La producción y creación estética de la cultura en el mundo hace a la identidad de una sociedad, a su memoria histórica y las posibilidades que dicha producción trae aparejada de conocer el mundo que la rodea en un escenario de permanente disputa entre el lenguaje del arte y la realidad social.

Un artista es una persona que utiliza los recursos que su época pone a su alcance para preguntarse sobre sí mismo, sobre aquello que lo rodea y quien provee a la sociedad de nuevas y arriesgadas miradas a las cosas más simples, a los objetos más cotidianos, a las costumbres más comunes.

Entonces ¿en qué momento un artista es reconocido? Es reconocido cuando las preguntas que logra plasmar por medio del fenómeno artístico logran interpelar a la sociedad en que vive reaccionando ante él.

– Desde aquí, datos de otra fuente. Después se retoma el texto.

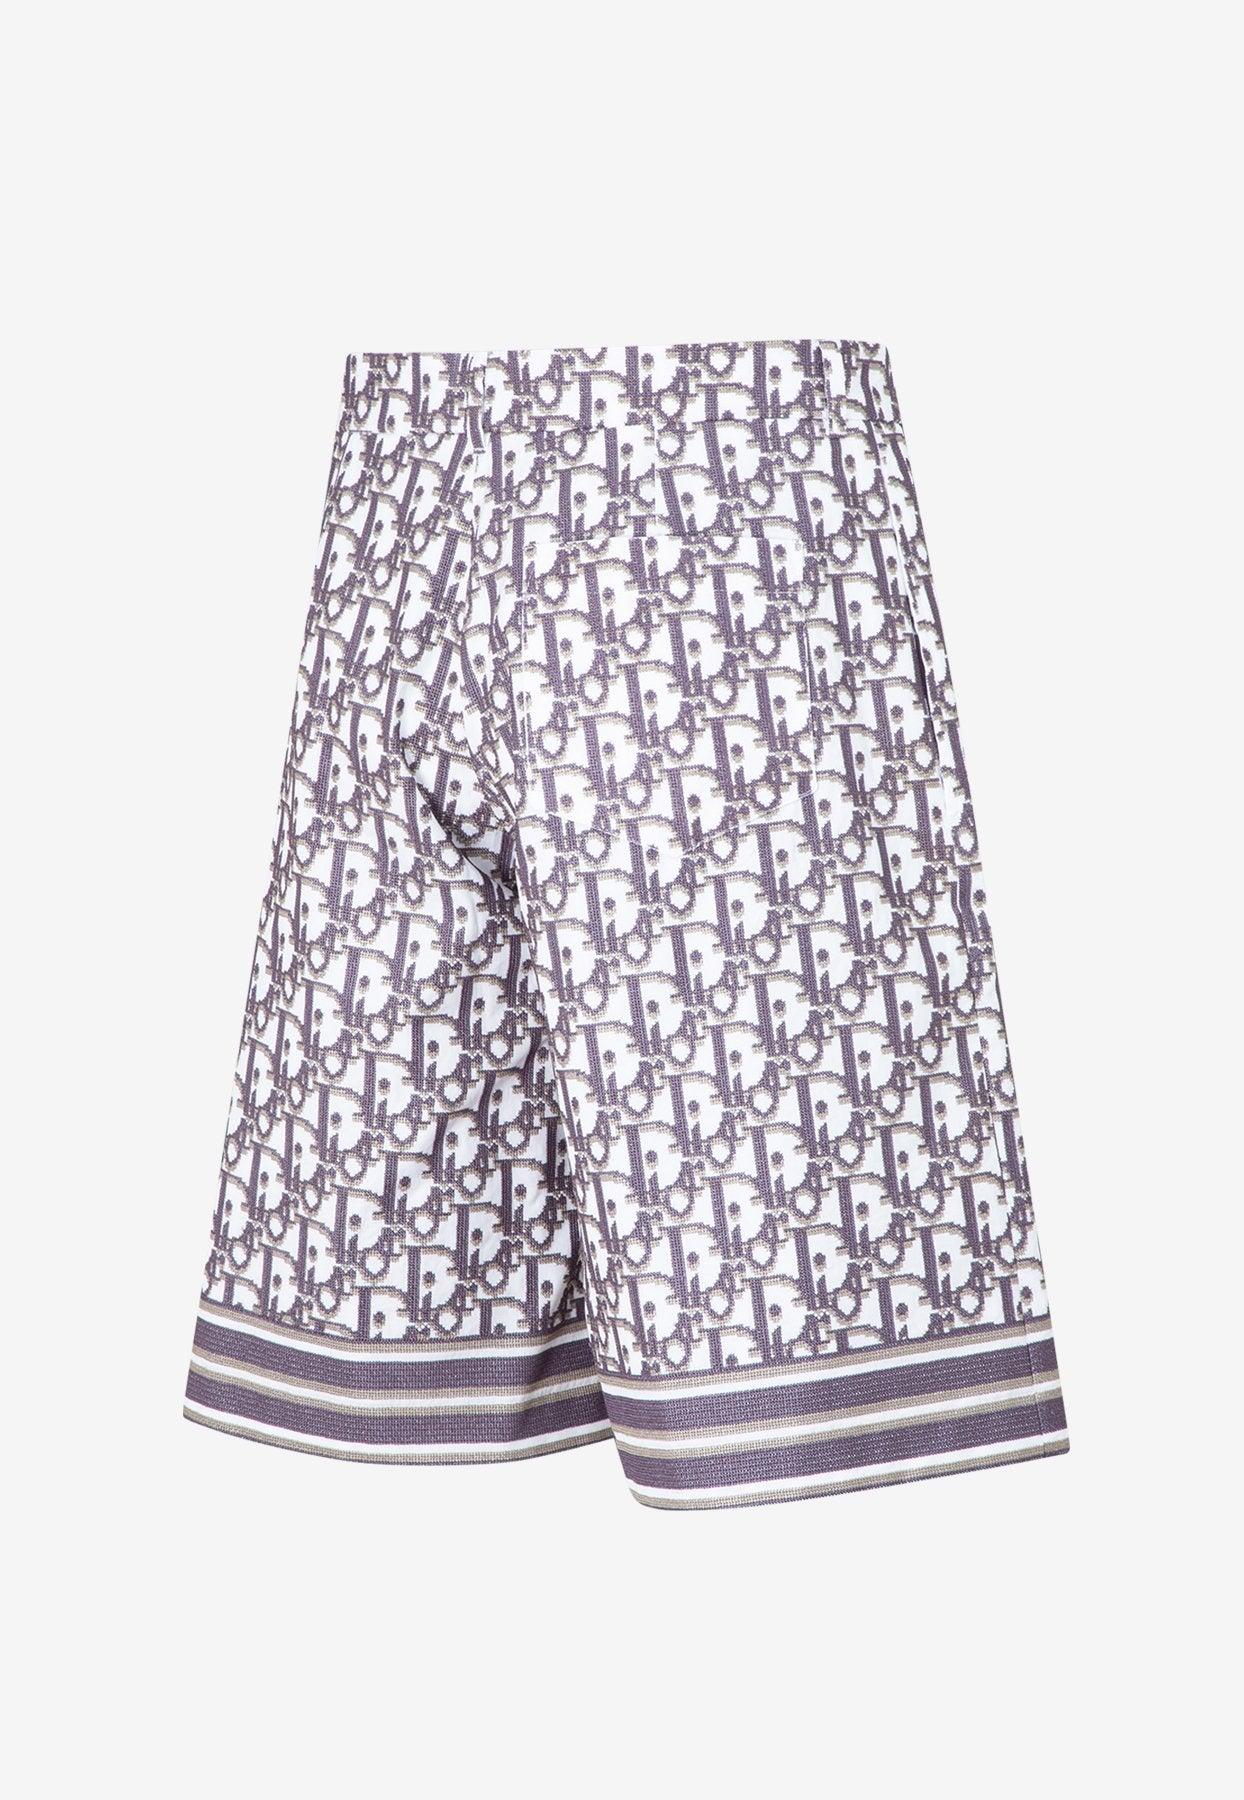 Dior Dior Oblique Shorts for Men

Pareciera acrecentarse la visión de que el arte ya no es propiedad exclusiva de los museos, sino que puede encontrarse en lo cotidiano. Lejos de suscribir a condiciones necesarias y suficientes, el arte ha salido de sí mismo y de sus formatos tradicionales. El arte ha desbordado sus propias conceptualizaciones, diseminándose en un espacio que permite a cada uno percibirse como un creador en potencia de una obra artística.

El arte contemporáneo parece haberse convertido en una prolongación de la propia cotidianeidad, que lejos de buscar orden y coherencia busca hacerse preguntas sin el afán de encontrar las respuestas.

En lo vertiginoso del permanente devenir el arte salva. Salva cuando inmersos en el hastío de repente situamos la mirada en la pregunta que quizás un simple graffiti nos propone, descubriéndonos en la tradicional dualidad de la tragedia griega, y conduciéndonos a preguntarnos acerca de nuestra propia vida – y por qué no – a divertirnos.


LUCIA G. ECHEZARRAGA.

[1] HEIDEGGER, Martin, Caminos de bosque, Madrid, Alianza, 1996.